California Sen. Lola Smallwood-Cuevas, D-Los Angeles, pressed Mark Monroe, deputy director of the Middle-Mile Broadband Initiative in the California Department of Technology, to provide concrete details as to when projects in underserved neighborhoods would begin.

“I will remind you that the cuts made to projects (when funding was sliced in the wake of the fiscal 2023 budget deficit) were not equitable,” Smallwood-Cuevas said during a Senate Budget and Fiscal Review-subcommittee hearing on state administration and general government.

“While 17% of funding to the statewide network was cut, 77% of those cuts were to South Central Los Angeles and Oakland, and another 56% of their middle mile needs were cut at the time.”

“We don’t have any clarity as to whether these communities will receive the help they need,” California state Sen. Lola Smallwood-Cuevas said. “That is an unacceptable response.”

California state Sen. Lola Smallwood-Cuevas’ office

Monroe responded they are still trying to figure out how this year’s recently announced proposed cuts to broadband funding will affect the program, adding, they just made a request for information on projects and are awaiting responses.

Gov. Gavin Newsom’s May revision to his budget proposal called for $2 billion in cuts to public broadband projects intended to bring high-speed internet to all Californians and close the digital divide.

Budget committees in both houses are in the thick of discussions on various aspects of state government, many dealing with steep cuts to close an estimated $44.5 billion deficit. One of the budgets experiencing cuts is the program designed to close the technology gap by providing high-speed internet.

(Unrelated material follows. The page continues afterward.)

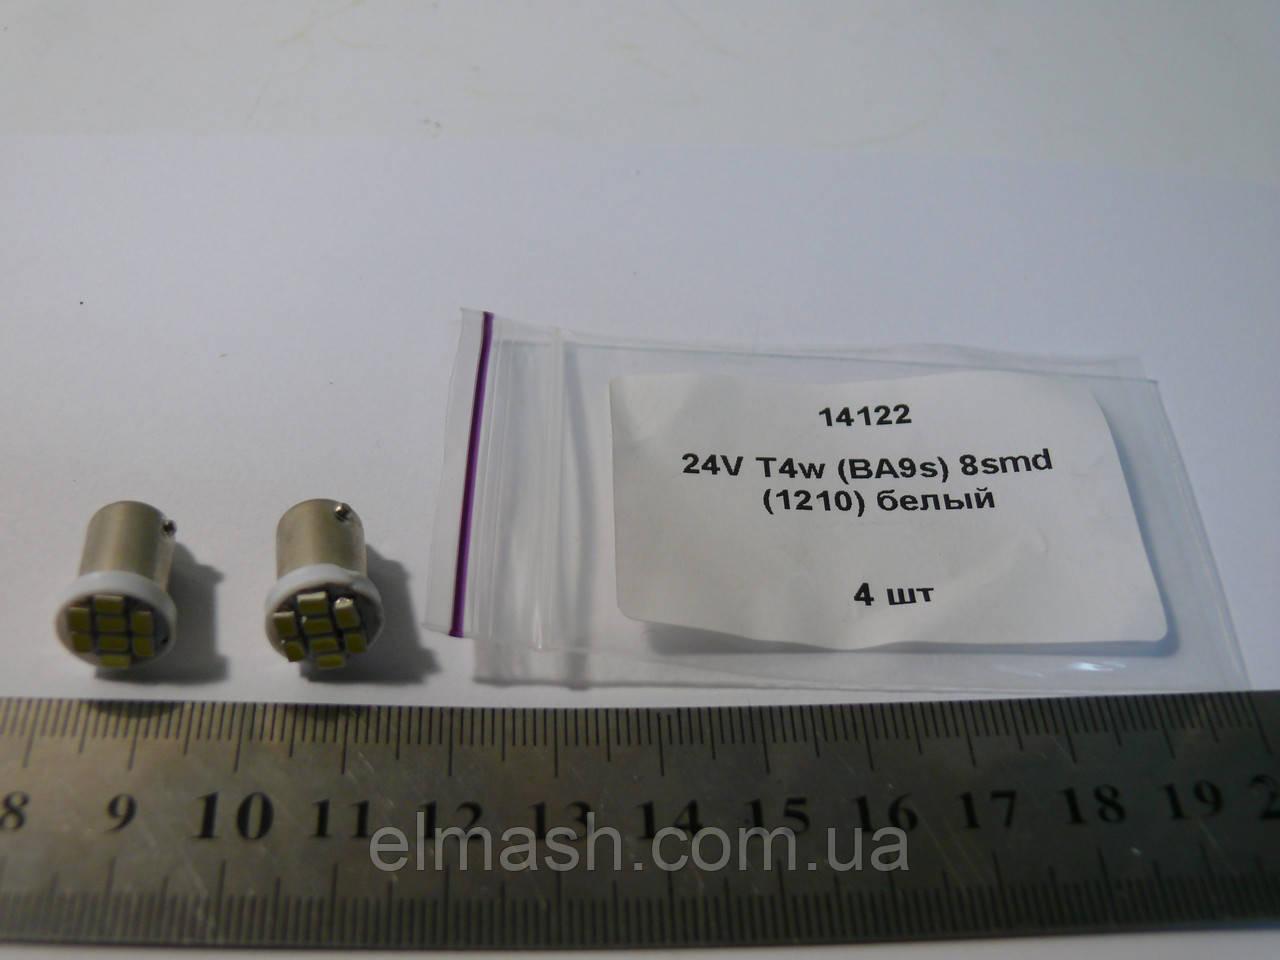 Светодиодная (LED 14122) лампочка с цоколем T4W-BA9s.

In 2021, when the state was experiencing a record surplus, Newsom signed a law dedicating $3.25 billion to building a public broadband network. The project calls for 10,000 miles of fiber optic cable through the purchase of existing infrastructure and new construction.

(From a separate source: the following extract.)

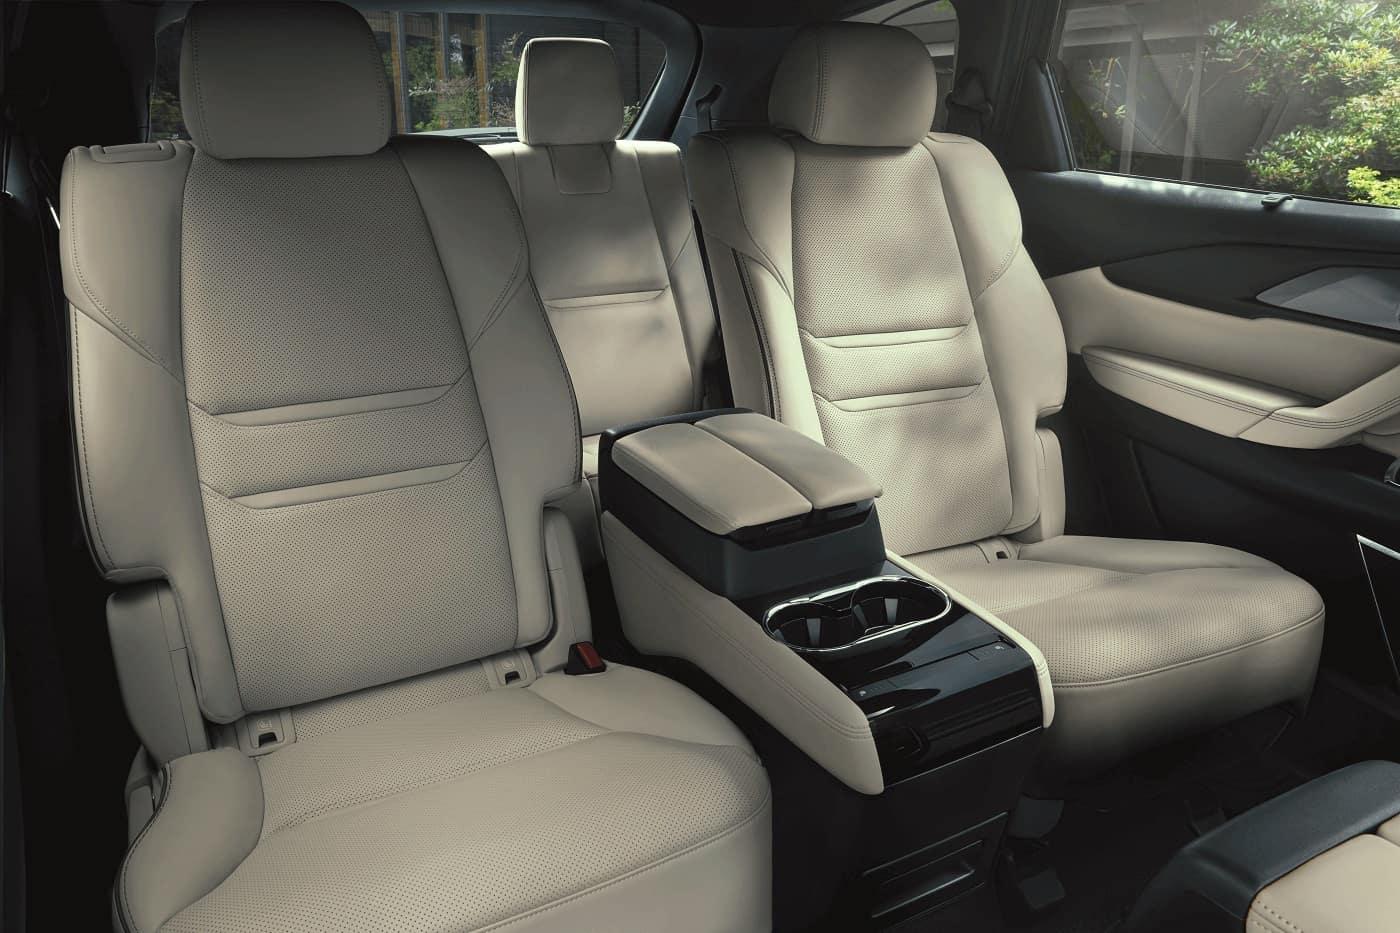 Mazda CX-9 Interior Cabin

The federal government has also made a big push to help states provide more equitable access to the internet. Last year, $42 billion was approved for the Biden administration’s Broadband Equity Access and Deployment Program, part of the Bipartisan Infrastructure Law.

Cuts in the May revise include a $1.7 billion reduction in broadband infrastructure projections, $325 million in cuts to a fund for broadband projects backed by local governments, tribal governments and nonprofit organizations in disadvantaged communities and rolling back $34 million to equip libraries in rural and underserved communities with high-speed internet.

Monroe told the committee he wouldn’t be able to provide them with more detail about which segments of the project are moving forward until July 19.

“You mean you won’t be able to give us more information until after we have approved the budget,” Smallwood-Cuevas said.

Lawmakers have to approve a budget by June 15, and Newsom has until July 1 to sign it.

“Now that we aren’t getting the $1.5 billion, we will have to reevaluate those 10,000 miles,” Monroe said.

The California Department of Transportation (Caltrans) has provided an update on its progress toward preconstruction, but “we just issued another request for information to find different partners and leases and we are now evaluating the 50 proposals.”

“So after the budget passes, we will then know if our communities are in the Caltrans plan,” Smallwood-Cuevas said. “But we won’t have the detail — for me personally, my district — which was a community left out, which the administration confirmed would be prioritized in this round of budget expenditures … You are saying we won’t know until after the budget is approved and then it’s a wait-and-see, maybe?”

“It is still our intent to be able to get to those areas,” Monroe said, though he added he won’t have more information until they complete negotiations in July or August.

Smallwood-Cuevas reminded Monroe the impetus behind the program was to enable marginalized communities to go about their daily lives.

“During the COVID-19 stay-at-home orders, the kids in my district had to do their homework at the closest McDonald’s because they didn’t have internet at home,” she said.

Without internet, you can’t get virtual doctor appointments, apply for jobs or do homework, she said.

“We don’t have any clarity as to whether these communities will receive the help they need,” Smallwood-Cuevas said. “That is an unacceptable response.”